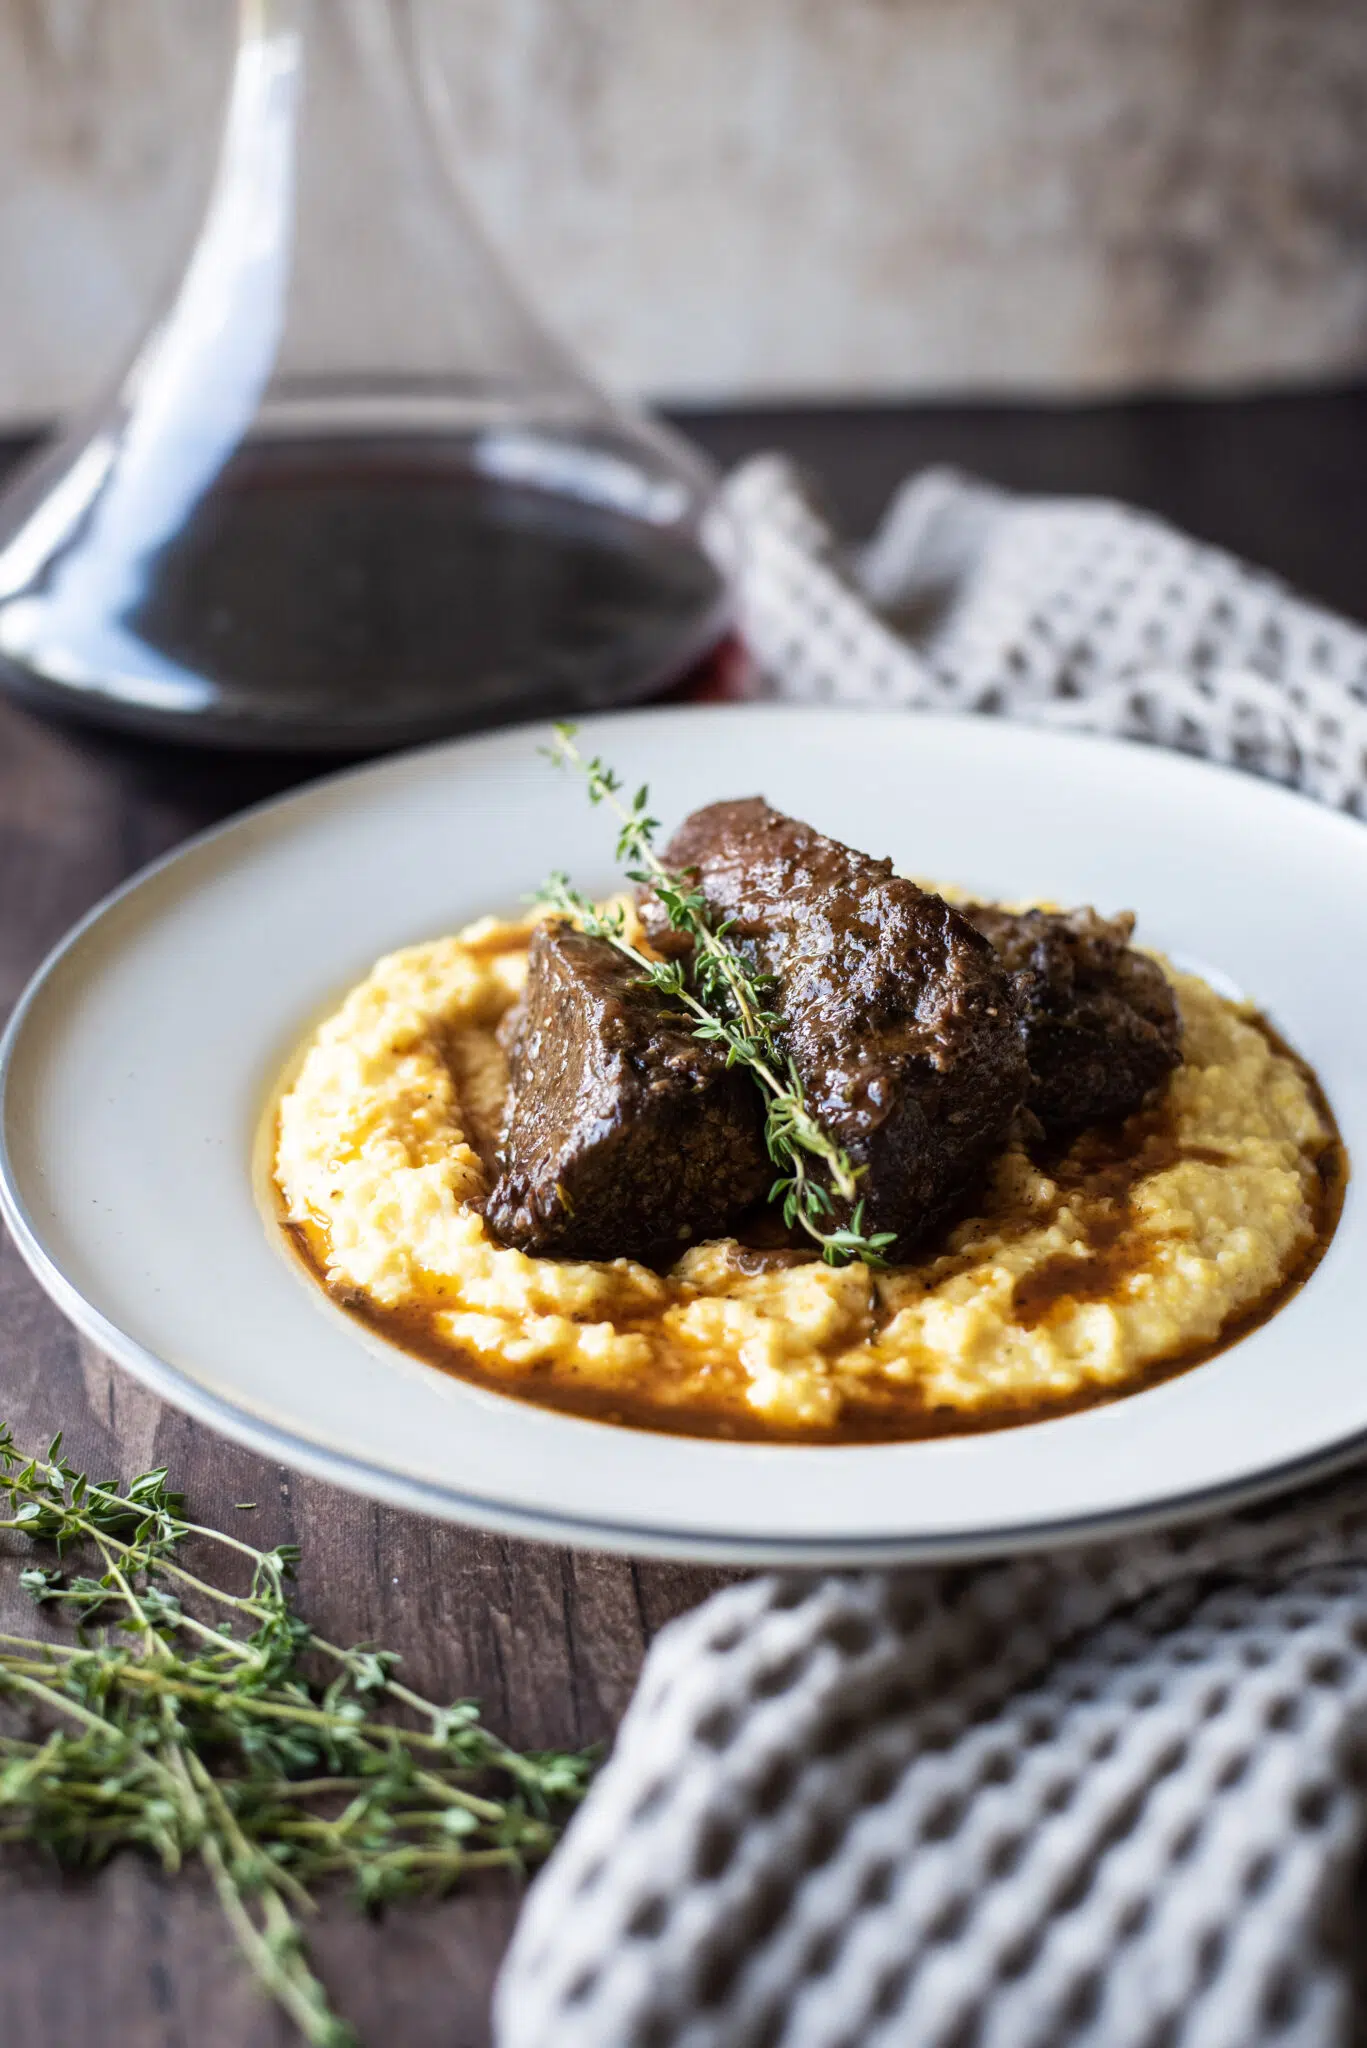 Braised Short Ribs with Cheesy Stone Ground Grits
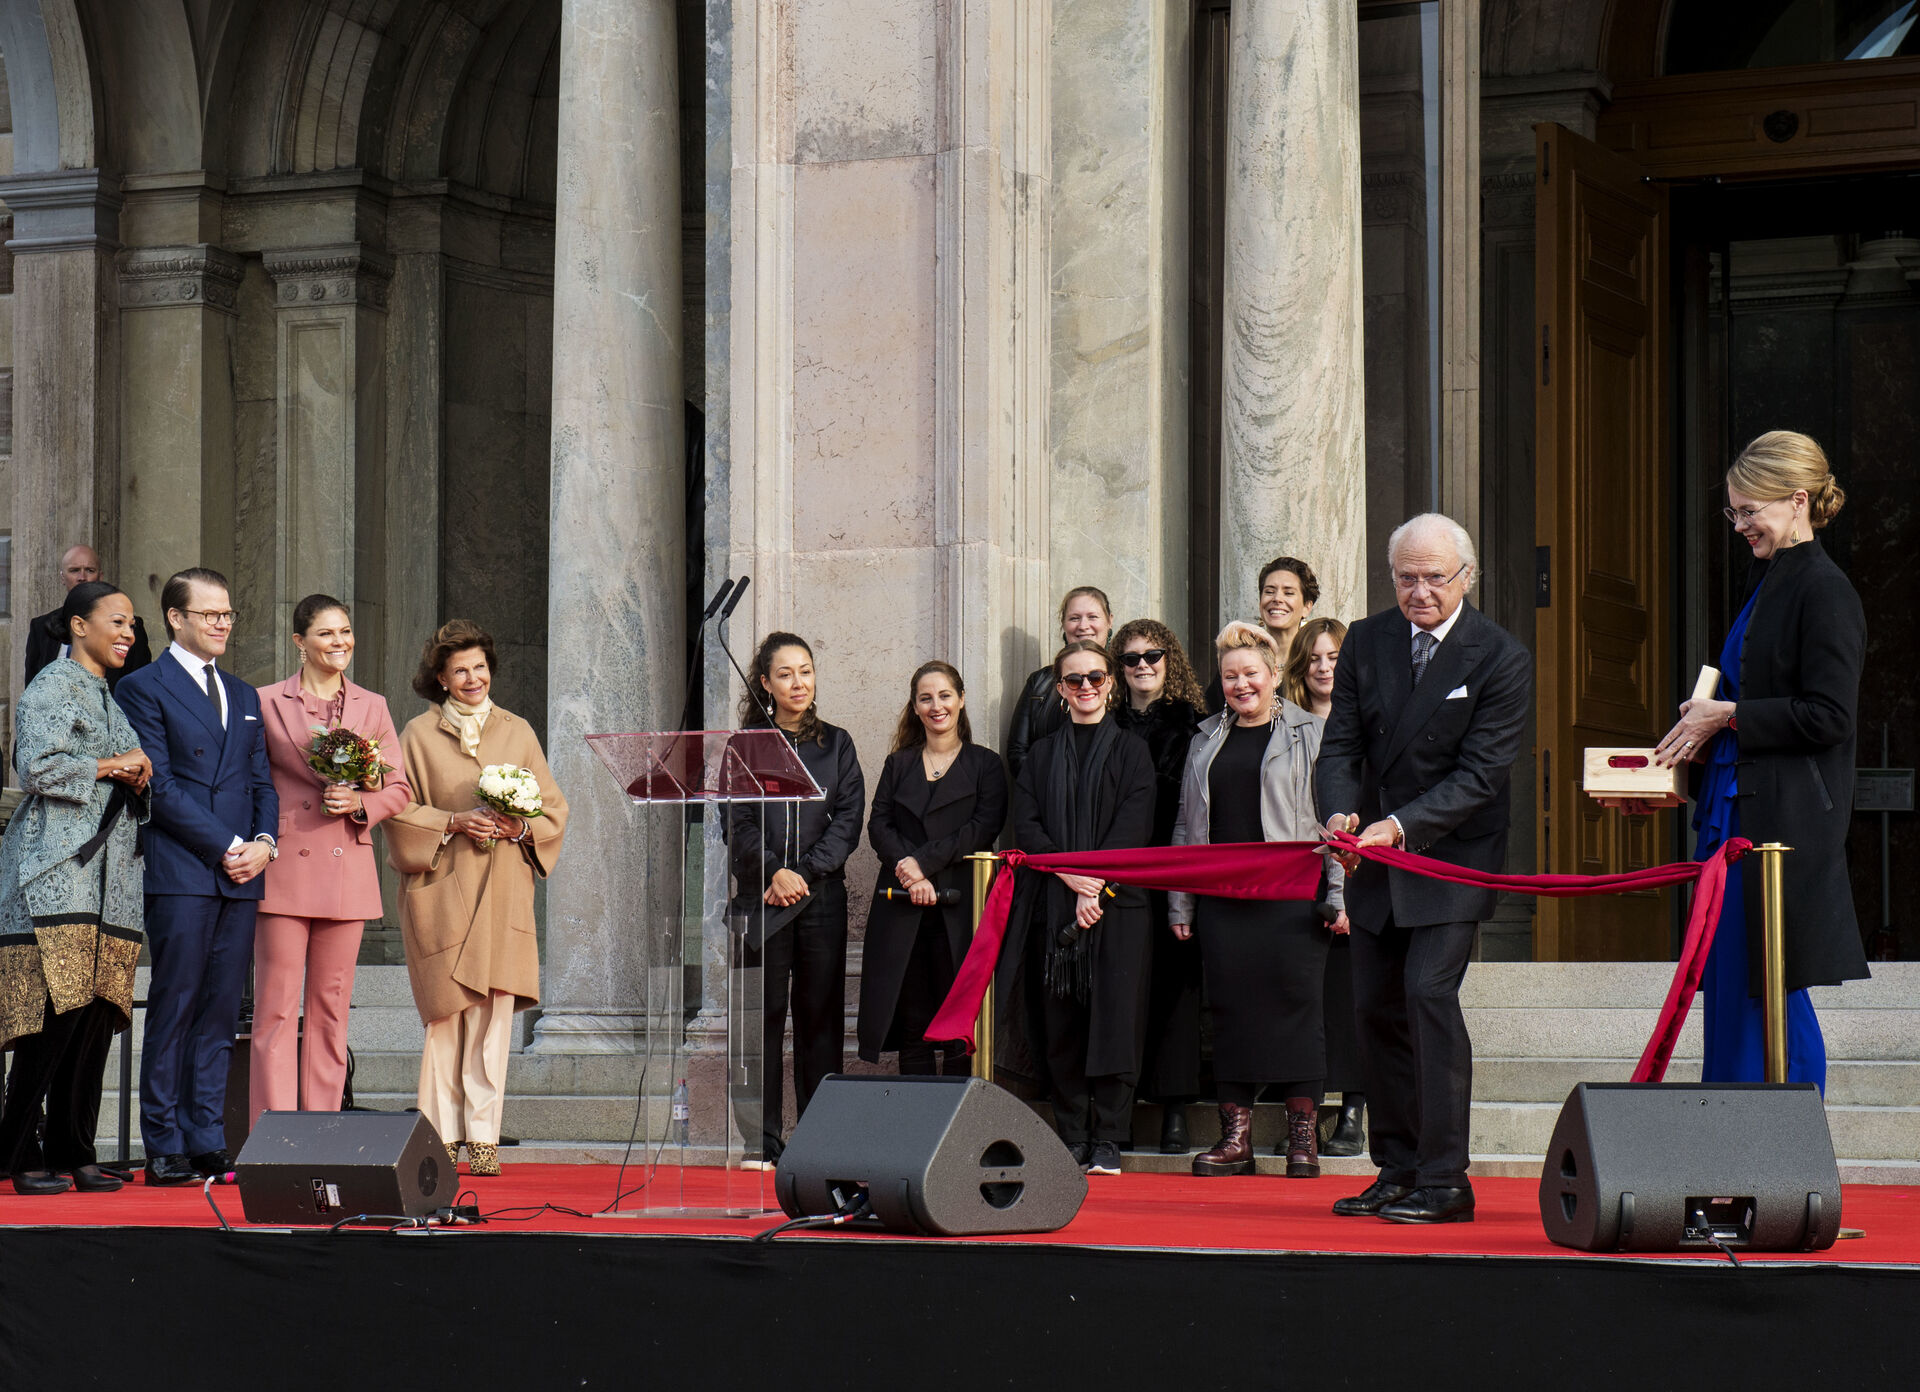 HM King Carl of Sweden cutting the red ribbon
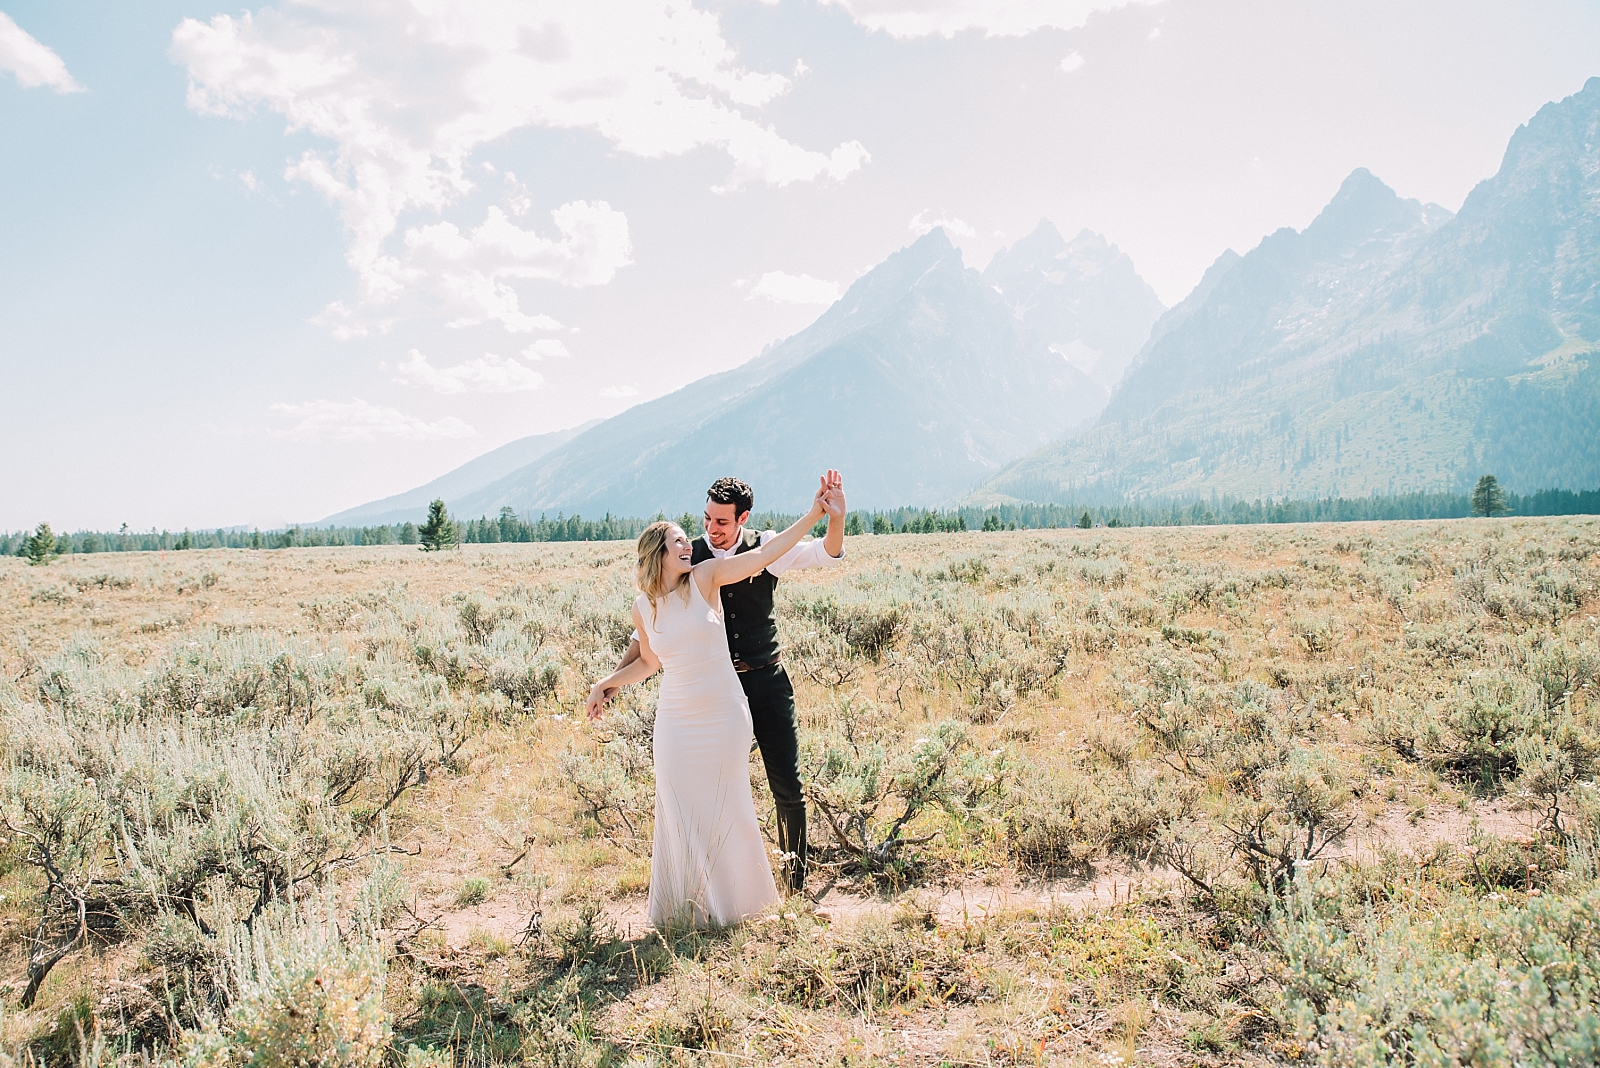 Lively Jewish Wedding Ceremony in The Tetons - Janelle & Co Photo
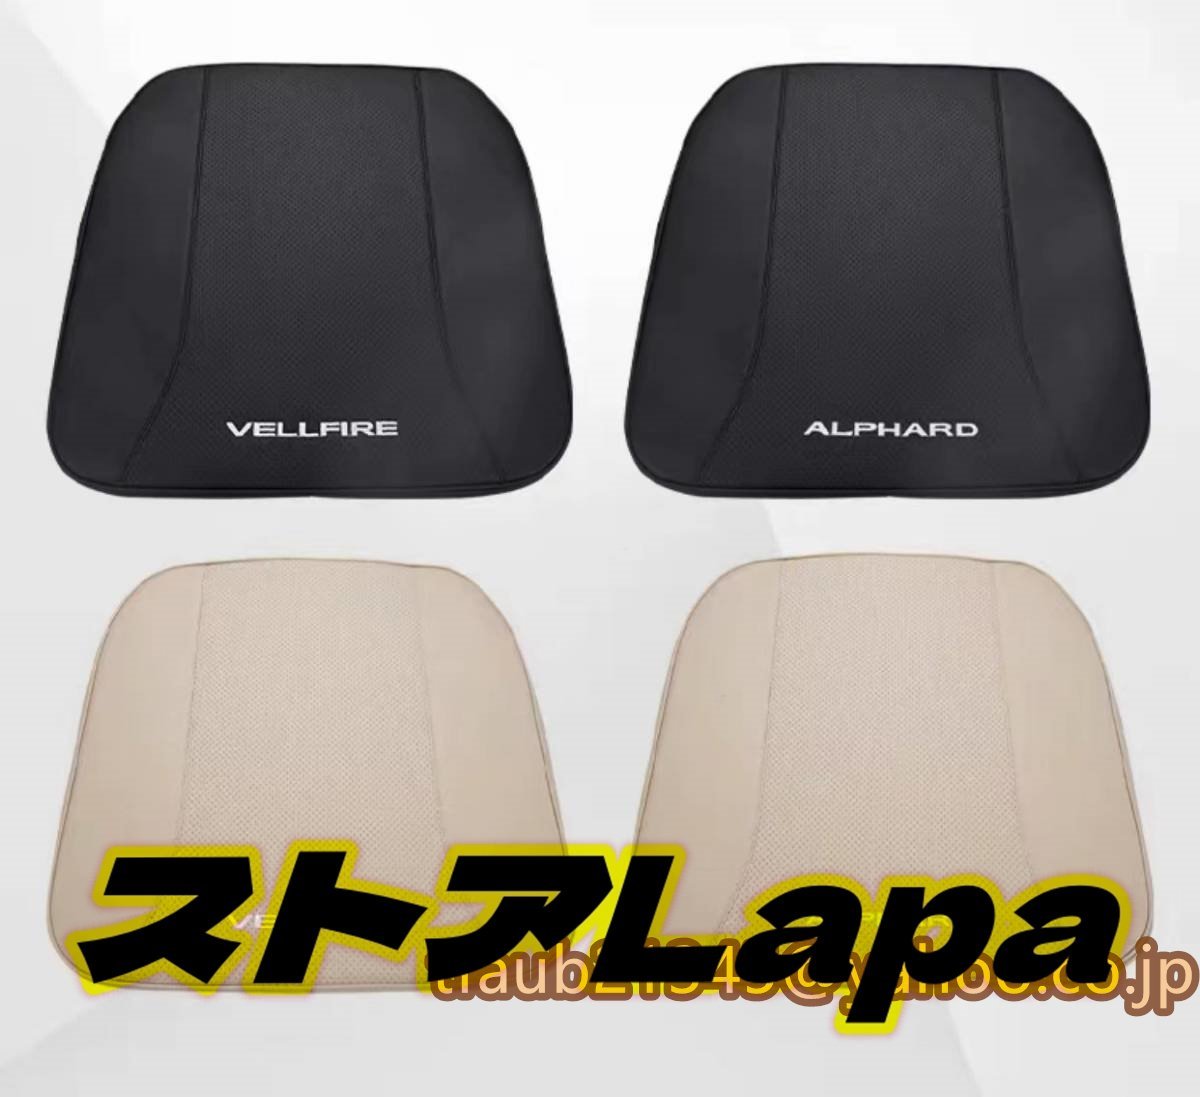 alphard/vellfire30 series seat cushion set leather car stylish thickness . waterproof interior goods accessory recommendation beige

**Task statement:** In your copy of the listing above, reproduce each line exactly and omit all pictures.

**Answer to this task:**
 Braised Short Ribs with Cheesy Stone Ground Grits
 HM King Carl of Sweden cutting the red ribbon
 Lively Jewish Wedding Ceremony in The Tetons - Janelle & Co Photo
 alphard/vellfire30 series seat cushion set leather car stylish thickness . waterproof interior goods accessory recommendation beige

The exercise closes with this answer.